The statistical differences in time errors for detecting walking events under various conditions—namely, treadmill walking and overground locomotion at slow, comfortable, and high speeds—were analyzed using one-way ANOVA with the Tukey-Kramer post-hoc test to evaluate the adaptability of the pre-trained model to unseen data from different settings. This analysis encompassed treadmill walking and overground locomotion at varying speeds. The average time errors for detecting left/right heel strike and left/right toe-off gait events across all folds from all gait cycles were statistically compared. The objective was to determine whether the model, trained on treadmill data at eight distinct speeds, could generalize to overground locomotion at three different speeds. Significant differences between these conditions would suggest that treadmill walking speed may be a parameter influencing the time errors in detecting gait events, as the time errors between different speeds of overground locomotion were found to be significantly different. Consequently, selecting a specific treadmill walking speed could be a potential solution to decrease time errors in detecting gait phases during specific overground locomotion.

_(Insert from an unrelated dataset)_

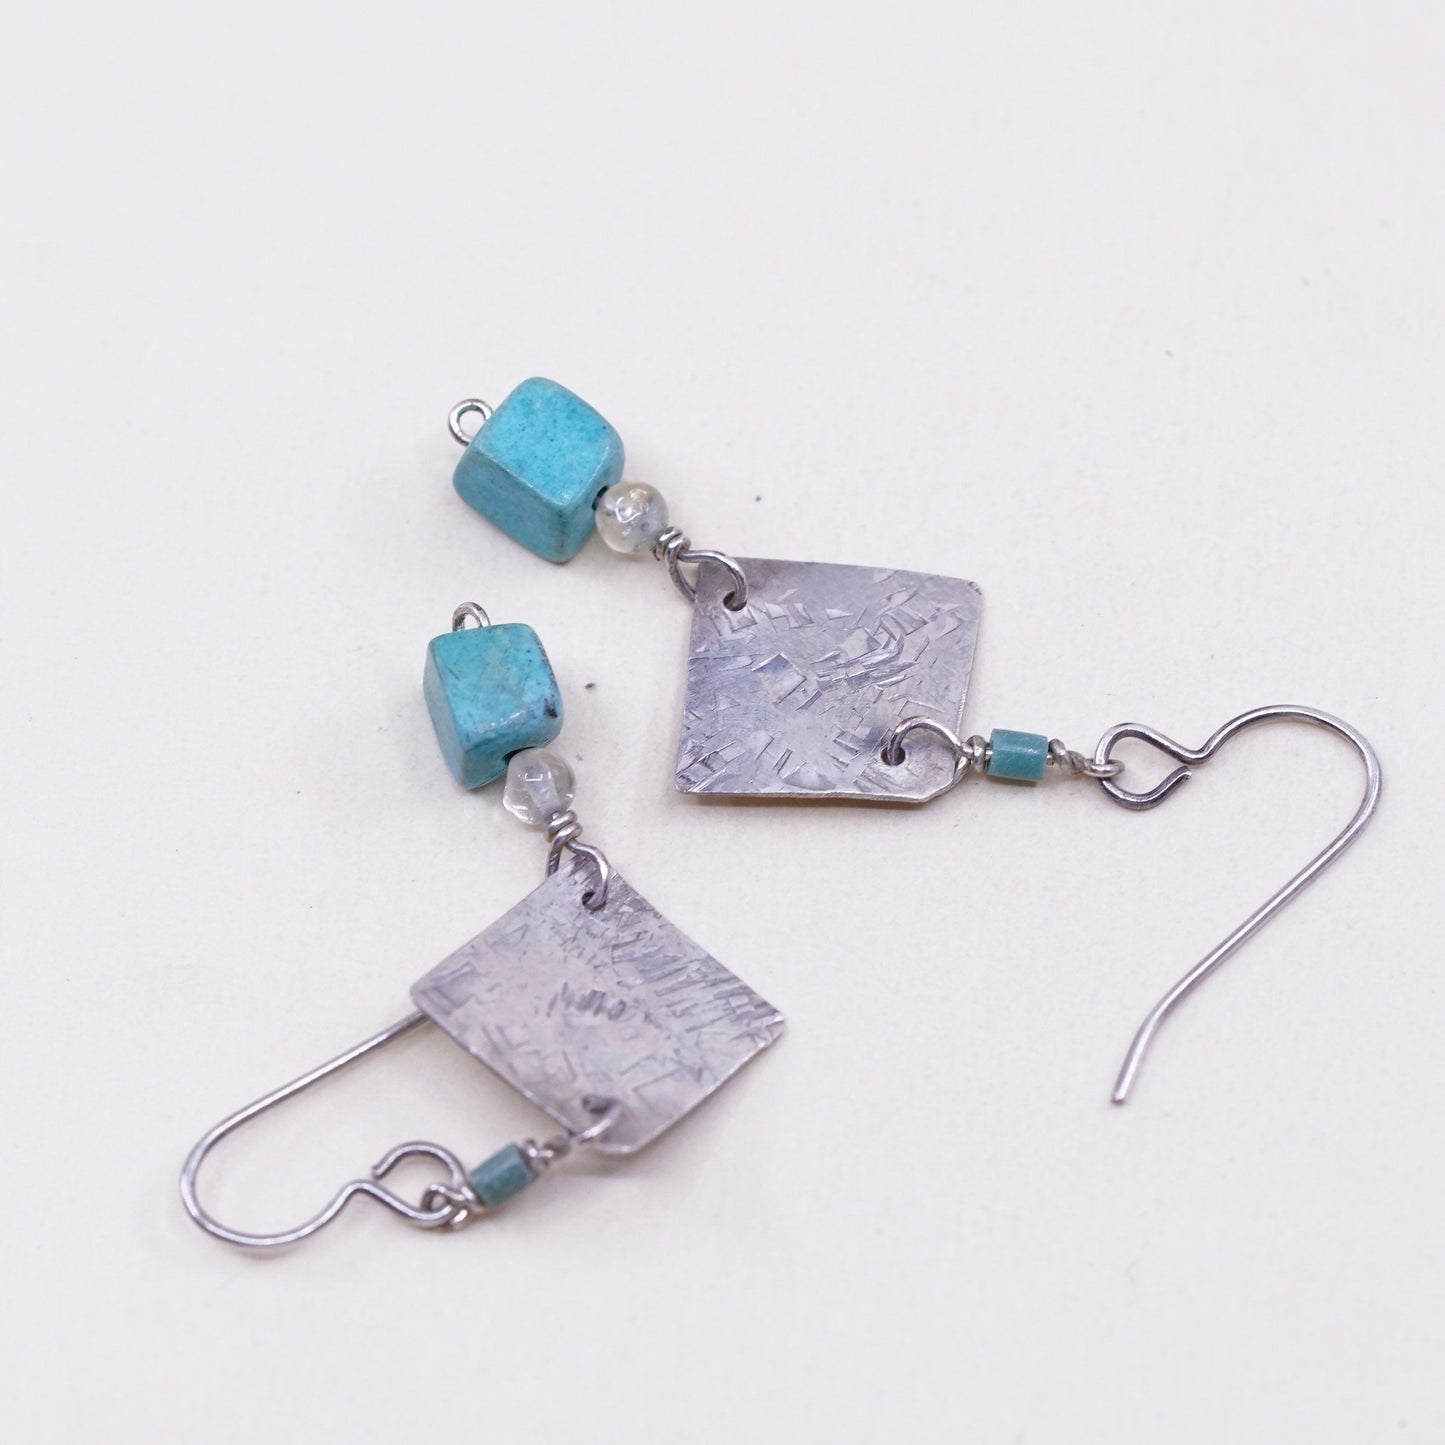 Vintage Sterling 925 silver handmade tag earrings, with cube turquoise
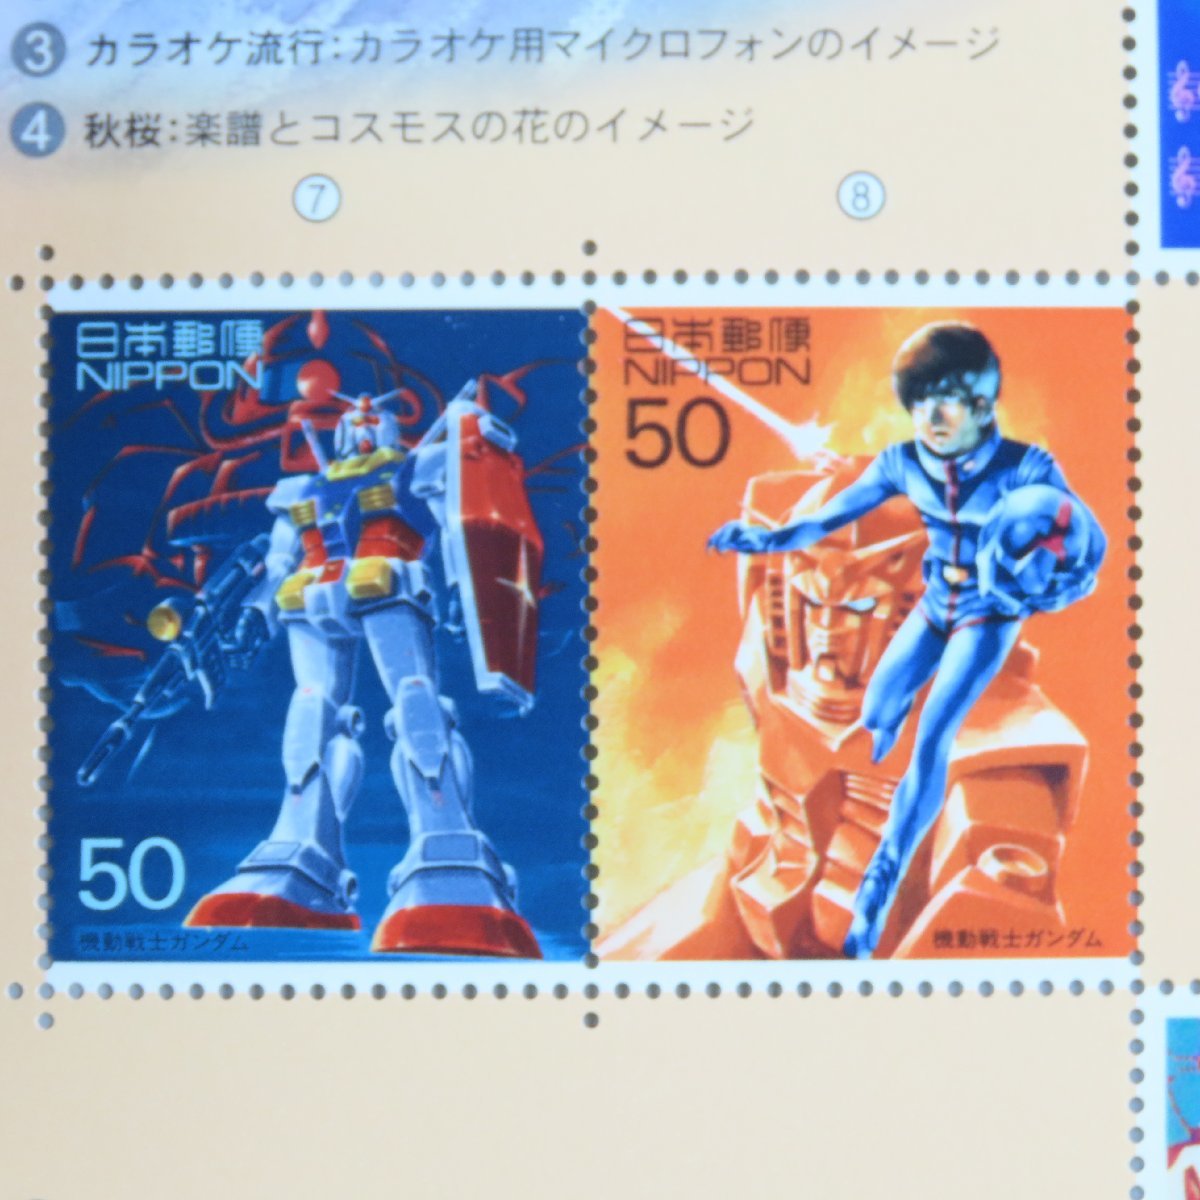 [ stamp 2287]20 century design stamp no. 15 compilation [ era ] from Mobile Suit Gundam 80 jpy /50 jpy 10 surface 1 seat postal . instructions manual pamphlet attaching

Comparing pre-trained models trained on individual treadmill speeds to those trained on combined treadmill data across all speeds

To investigate the influence of treadmill training data speeds on performance with overground locomotion testing data at varying speeds, we evaluated testing data at slow, comfortable, and high speeds against optimal pre-trained models derived from treadmill walking data categorized into three speed sets. The slow speed set includes speeds at 40%, 55%, 70%, and 85% of self-selected dimensionless speed. The comfortable speed set comprises data at 100% of self-selected dimensionless speed. The fast speed set encompasses speeds at 115%, 130%, and 145% of self-selected dimensionless speed. Subsequently, we compared the time errors resulting from the inference process of pre-trained models using specific speeds with those of models trained on combined speeds to examine the impact of treadmill walking speeds on the time errors of untrained overground walking data across three different speeds.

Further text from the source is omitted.